İnsan insandır. Hiç biri bir diğerine benzemez. Hepsi de birbirinden farklı özellik ve güzellikte yaratılmış, kendine has vasıfları olan, kendine münhasır özel varlıklardır.
Hiçbir şeyleri ile birbirine benzemez yaratılıp var edilen insanların ne doğumları, ne yaşantıları, ne de ölümleri birbirine benzeyip, birbirine eşittir.
Daha doğarken normal, sezaryen gibi birbirinden farklı doğup yaşadıkları dünyada ne kadar birbirlerine eşit olabilirler.
Kaçının anası, babası sağlıklı, eğitimli ve zengin. Kaçının hayat standardı istenilenin üstünde. Kaçı ezik yaşıyor. Kimi hayatın başında galip, kimi yenik.
Hiç biri birbirine benzemez bin bir çeşit hayat şekilleriyle yaşarlarken nasıl birbirlerine eşit olabilirler.
Allah’ın birbirine eşit yaratmadığı kulunu, insan ne kadar birbirine eşit yapabilir.
Ne kadar kendine denk görüp, ona değer verir. Değerinden dolayı onu kendi gibi, insan görüp, önemseyip hak verir. Onu kendine eşit yapar.
Bu mümkün mü?
Elbette mümkün değil.
Neden mi?
Herkes birbirine denk ve eşit olsa; o zaman da; Sen ağa, ben ağa, ineği kim sağa olur.. İneği sağıp sütü içirecek, dünyayı mamur edip, güzelleştirecek kimse bulunmaz olup, hayat durur. Varlık yok olur.

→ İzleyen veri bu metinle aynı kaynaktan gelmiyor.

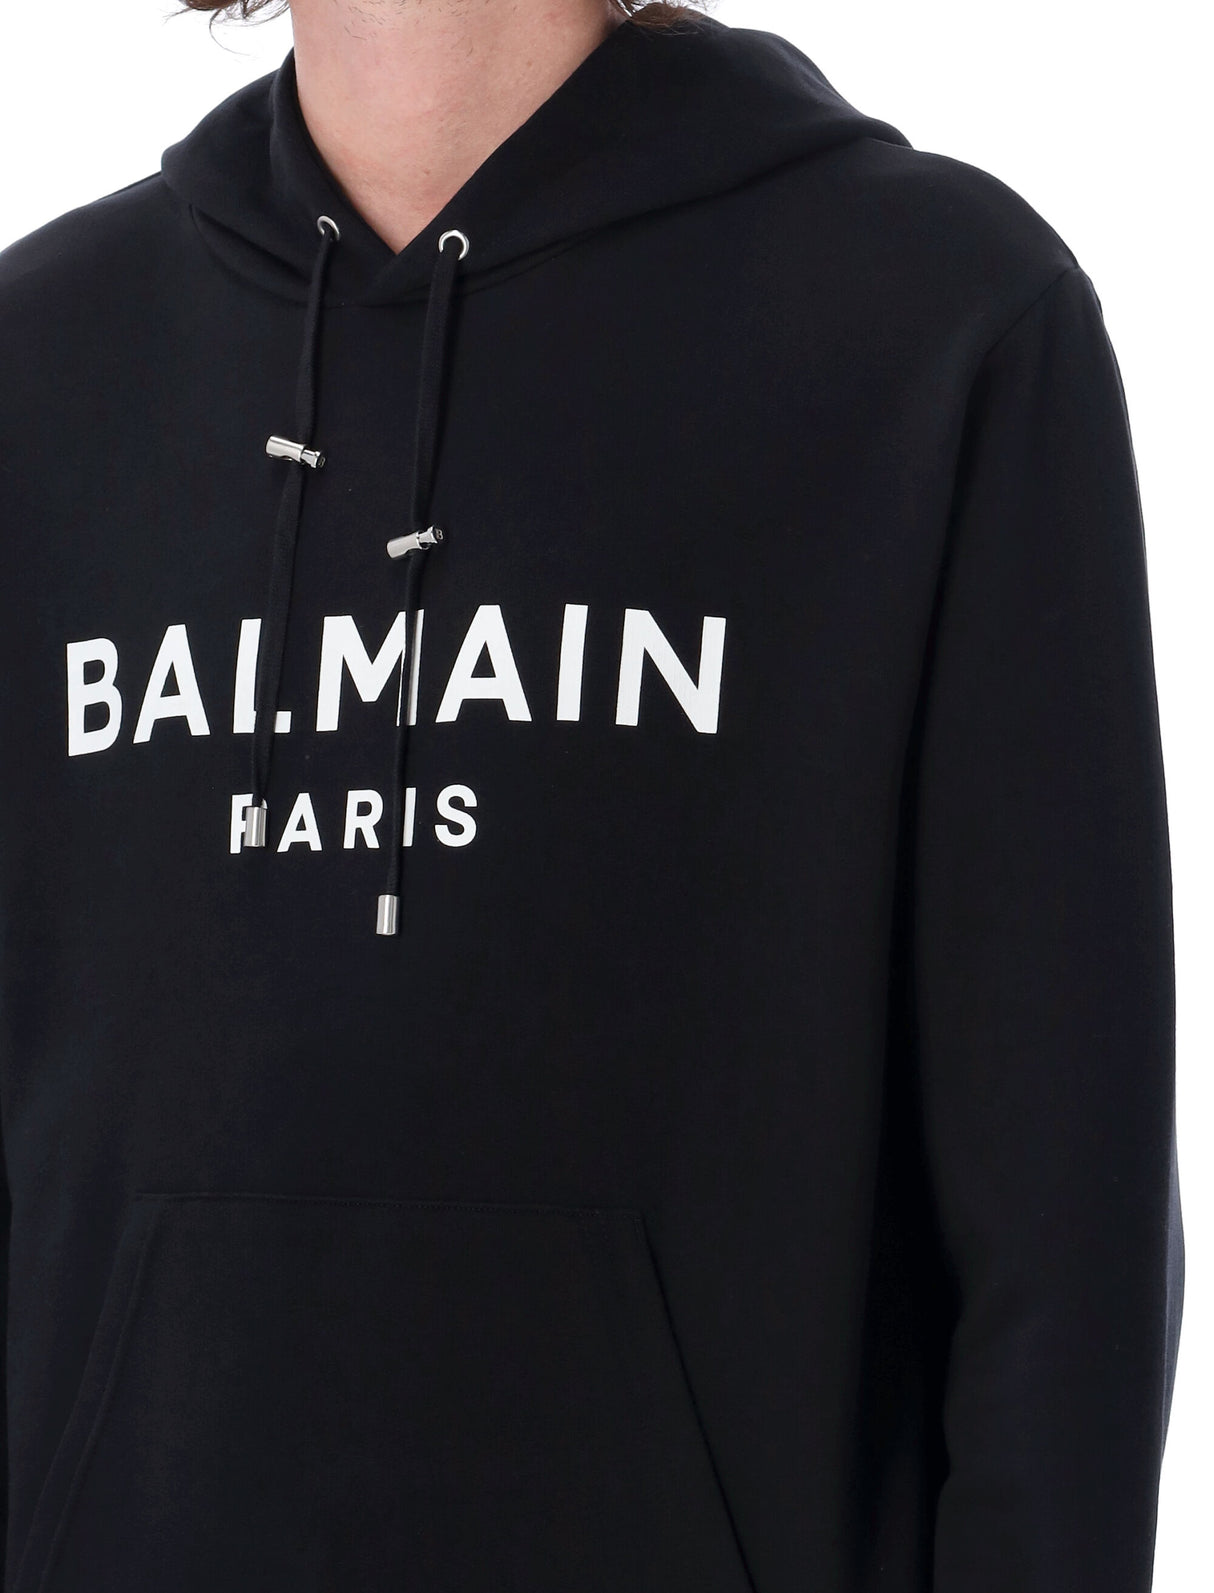 Men's Black Cotton Logo Hoodie with Balmain Paris Print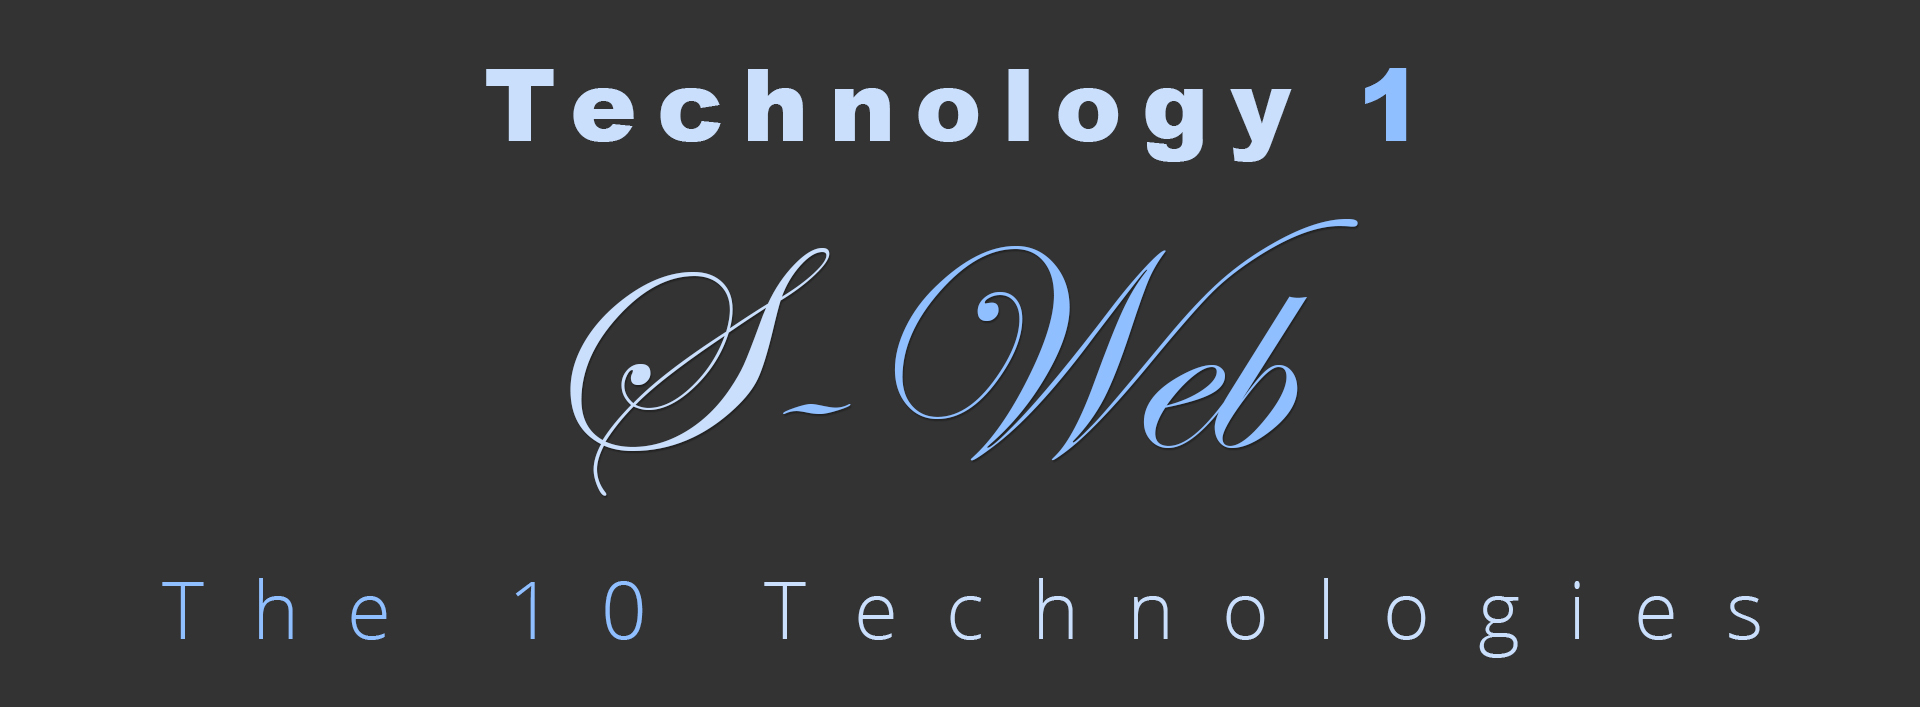 S-Web-Logo--Technology-1

Demek ki varlığın var olup yaşaması için insanı, insan görmek, hak ettiği her değeri verip insanı ve insanlığı yaşatmak başka bir şey. Onu kendine eşit görüp, hayatı durağanlaştırıp kendi varlığına ve onun varlığına değer veriyorum derken tüm insanlığın varlığını yok etmeye çalışmak hiçte doğru bir hareket tarzı olmasa gerek. Çünkü bu hareket tarzı farkında olmadan insan ve insanlığı yok etmeye yöneliktir.
Onun için asıl olan insanın var olup yaşaması, sonra da tüm haklarının korunup hakkaniyet ölçüsü içerisinde çalışıp yaşaması, yaşarken de hak ettiği her değere başkaları gibi onunda adalet ölçüleri içerisinde kazanıp ulaşmasını sağlarken, hem de hayatı durağanlıktan kurtarıp akışkan olmasını sağlar.
Bu da insanları birbirine yaklaştırıp paylaşımcı, gayret verip çalışkan olmalarını, huzur bulup, umut içinde mutlu yaşamalarını sağlar.
İnsanı dünyada değerli kılıp, değerli yapan tek şey, akıl ile bilgisi, bildiği ile yaşamasıdır. Bunun dışında hiçbir şey insanı, değerli kılıp, değerli yapmaz.
Onun için insana değer verip, önemini artırarak Allah’a yaklaştırmanın bir tek yolu vardır. O da aklını kullanıp, okuyup bilgisi sahibi olmasıdır.
Edindiği bilgi doğrultusunda görev alıp, sorumluluk yüklenerek önemini artırıp, kendi değerine değer katmasıyla olur.
Yoksa görev alıp, sorumluluk yüklenmeyen, üretim yapıp değerini artırmayan akıl af edersiniz eşekte de var. Eşeğin insan yanında kadri kıymeti neyse, insana ve insanlığa yarar sağlamayan insanın da af edersiniz eşekten farklı bir değeri olmaz.
Onun için insanı, insan yapan akıl edip, okuyup, düşünüp, öğrenmesi. Bu bilinciyle yaşayıp, insan olup kendine ve topluma faydalı olmak için yaşamasıdır.
Bu da insanı insan yapar. Önemini çoğaltıp, değerini artırarak Allah’a yakın has bir insan yapar.